NW: Do you have any tips to help kids build resilience?
Dr. Jack Shonkoff: You build resilience in children, at any age, by doing everything you can to buffer them against severe adversity that super-turbocharges their stress-response system. And if that stays turbocharged for long periods of time, it can have biological consequences. Equally important is to coach and model and facilitate the child's development of coping skills and adaptive skills.
The thing you want to avoid is to think of resilience as something that you do yourself—especially if you're talking about kids. There are wide ranges in how kids are intrinsically resilient. Some kids are just more sensitive to the environment. Some kids are more adaptable. The more sensitive kids, in tough situations, are at greater risk.
Dr. Burke Harris: When we're thinking about healing, it's not going to happen passively.
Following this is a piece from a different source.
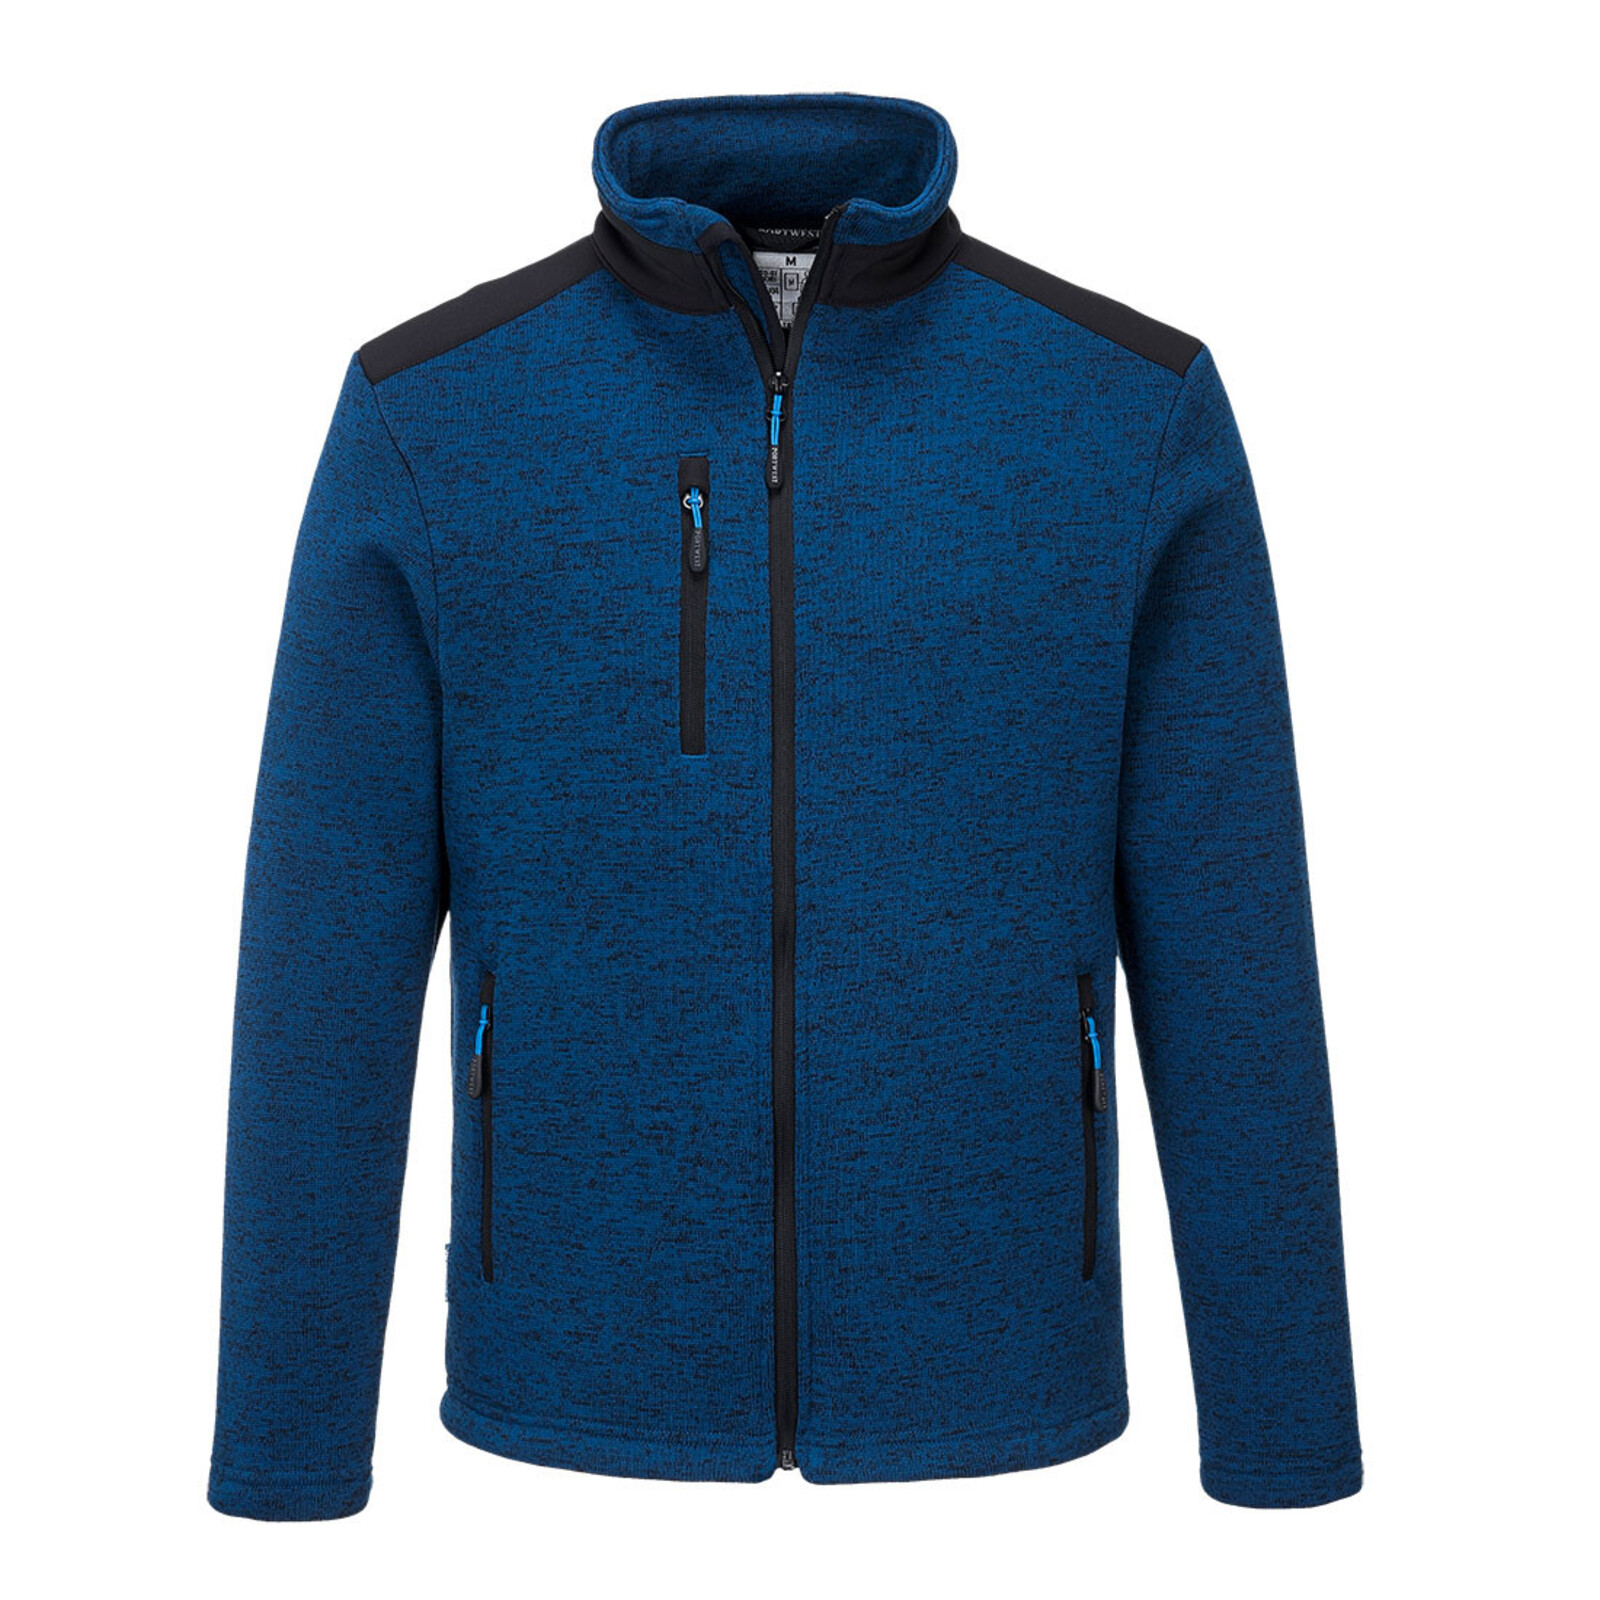 Pánska bunda Portwest KX3 Performance Fleece T830 - veľkosť: 3XL, farba: modrá/čierna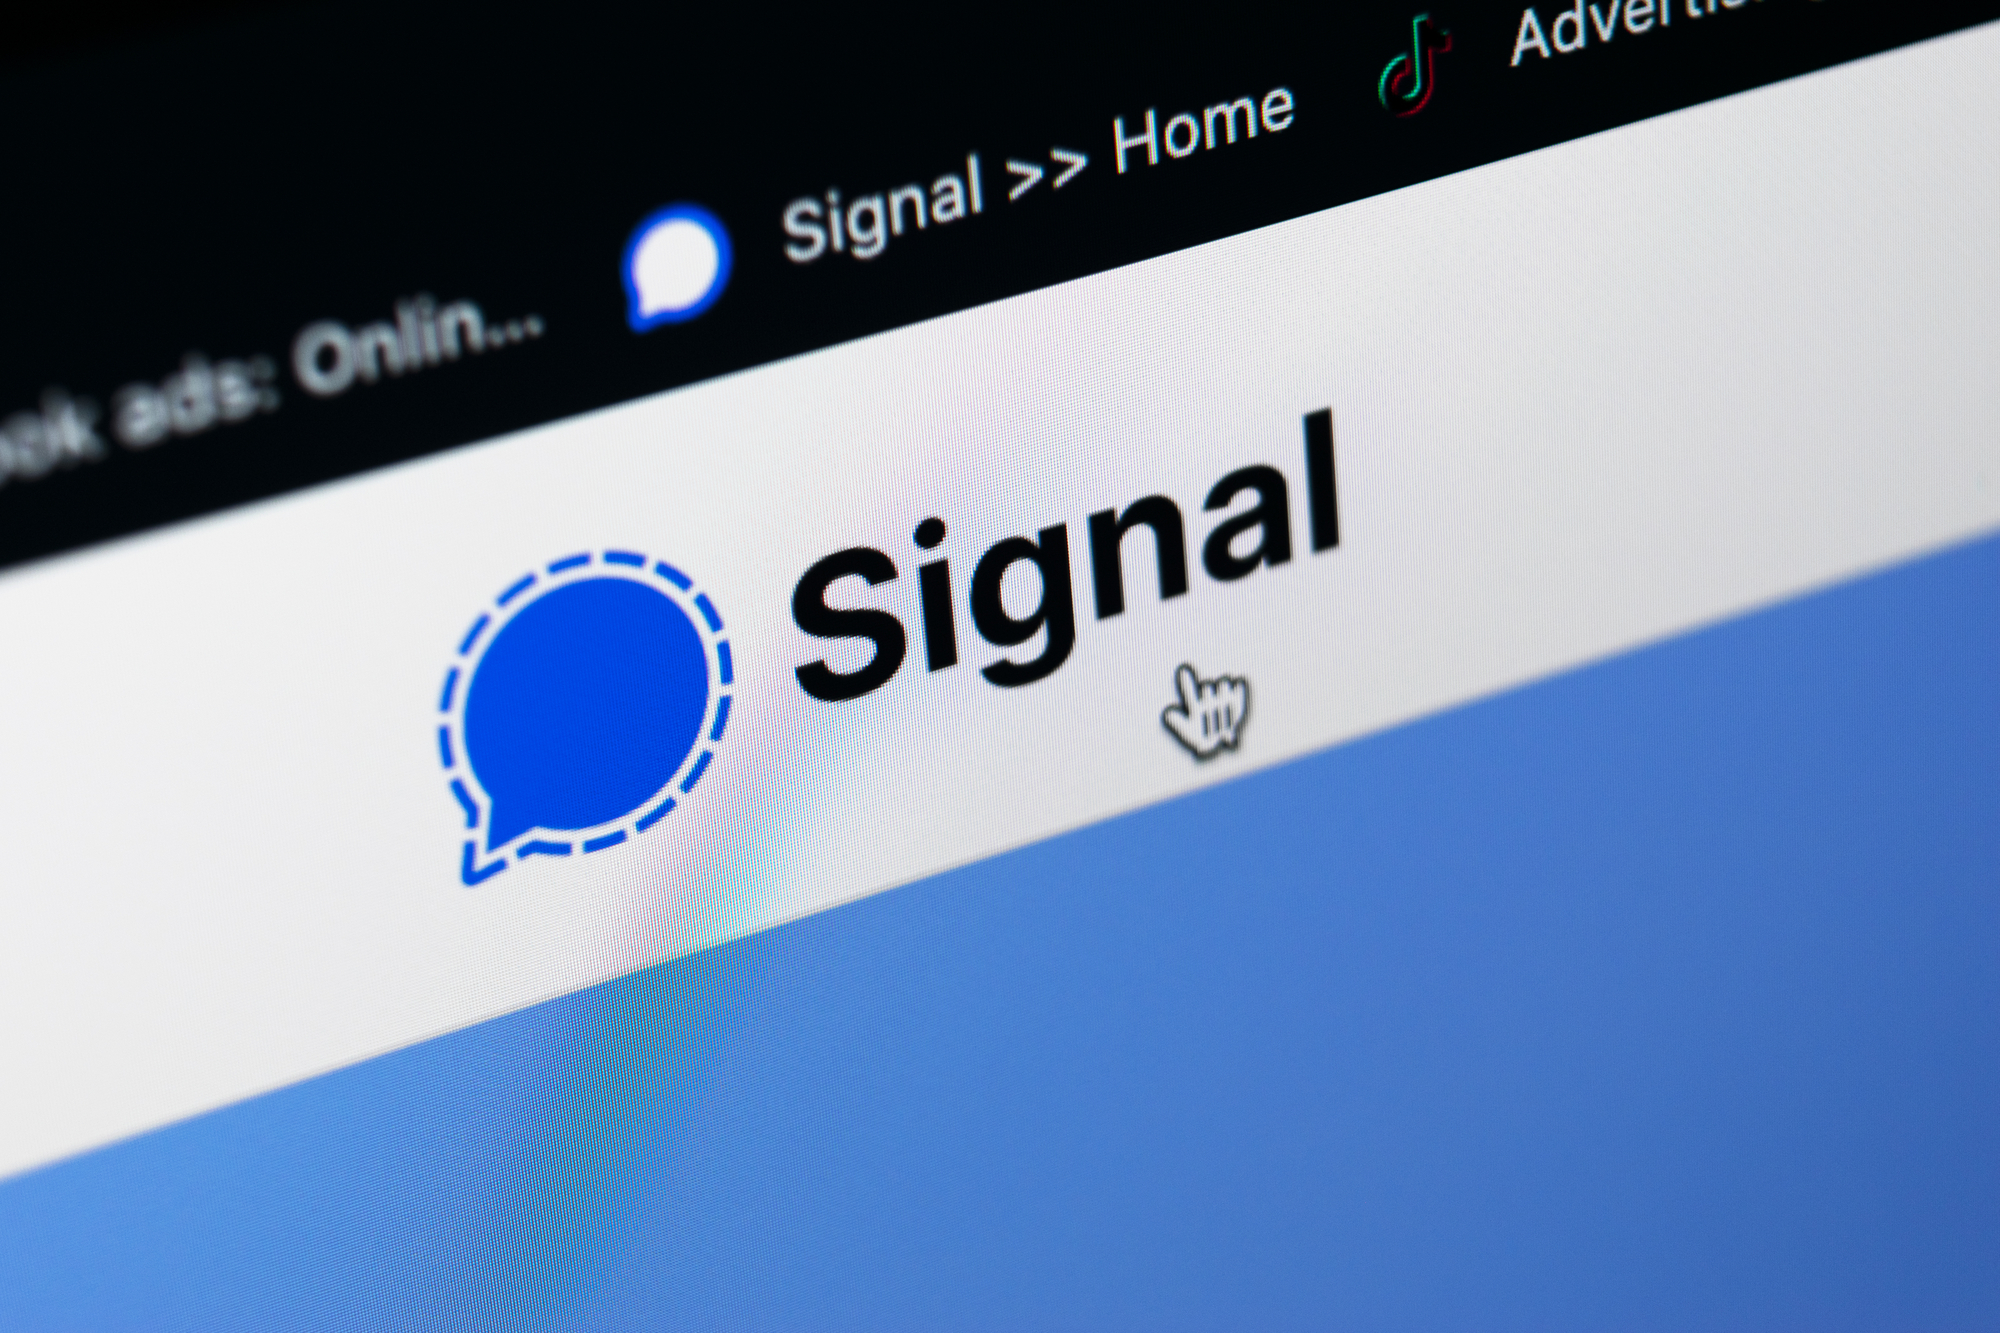 Das Signal-Messenger Logo auf einem Bildschirm

It's something that we have to be very active in ensuring that our kids and, frankly, adults, have as many sources of healing and buffering interactions as possible.
NW: How should parents and teachers handle kids who are having trouble coping?
Dr. Shonkoff: They should have their eyes and ears open to who's okay and who's not. It's not hard to find out which kids are in big trouble. We need to jump on that as soon as we can, because they're very vulnerable.
For the youngest kids, you help them by helping the adults who take care of them. We want to think about what kind of services and interventions they need—their levels of depression, anxiety disorders, substance abuse. That stuff has to be addressed, and not just child programs focused on kids.
The kids to worry the most about—and the families to worry the most about—are those who became invisible during the pandemic, who are socially isolated. We don't know what's going on in their lives and in their families. There are a lot of kids who just didn't appear in school that year and a half and they weren't online. Nobody sent the truant officer after them. We should be intensely worried about them. It's not just the loss of education, it's also the environment in which those kids are living that made them invisible.
NW: How well do you anticipate kids will bounce back from the pandemic?
Scott Russo: A whole host of things went on over the past year, probably from isolation. There was a huge spike in family violence and, particularly, partner violence. Those things are known to dramatically affect mental health. And when you experience them in childhood, your system develops under those boundaries, so to speak. Those are critical periods during which your emotional circuits are developing in the brain. When you experience these very traumatic events, they change the trajectory of how your [brain] circuits form—and they don't reverse.
If you're an adult and you've had a relatively healthy upbringing, the reality is, you'll probably bounce back. If you're a kid that experienced it and your [brain] circuits formed under those circumstances, you might not bounce back.
NW: What about kids who don't have a lot of support?
Russo: If you don't have the support, you're at a disadvantage. But you do have natural mechanisms in place that can protect you even in the absence of support. When you're exposed to or you experience something that's highly adverse, you have to choose a series of behaviors. You have to decide what you're going to do in the face of that adversity. The choice is important. If you choose to actively cope, you're going to be protected. If you choose to passively cope, you're not going to be protected. Some people seek out support and take active steps in mitigating the amount of stress on them, and others just let it build up and don't do anything about it and it just gets worse and worse.
NW: What is the effect on parents and kids of having been cooped up together through the pandemic?
Dr. Shonkoff: Some families, because they've been working at home, have actually had more time together. There's been positive aspects to that. The flip side is—and this is getting to the heart of the inequality issue here—part of the population that, pre-COVID-19, was already dealing with significant burdens and hardships is at extraordinary risk for more serious problems. A lot of children are going to be in trouble from this, but not all children are going to be in trouble from this.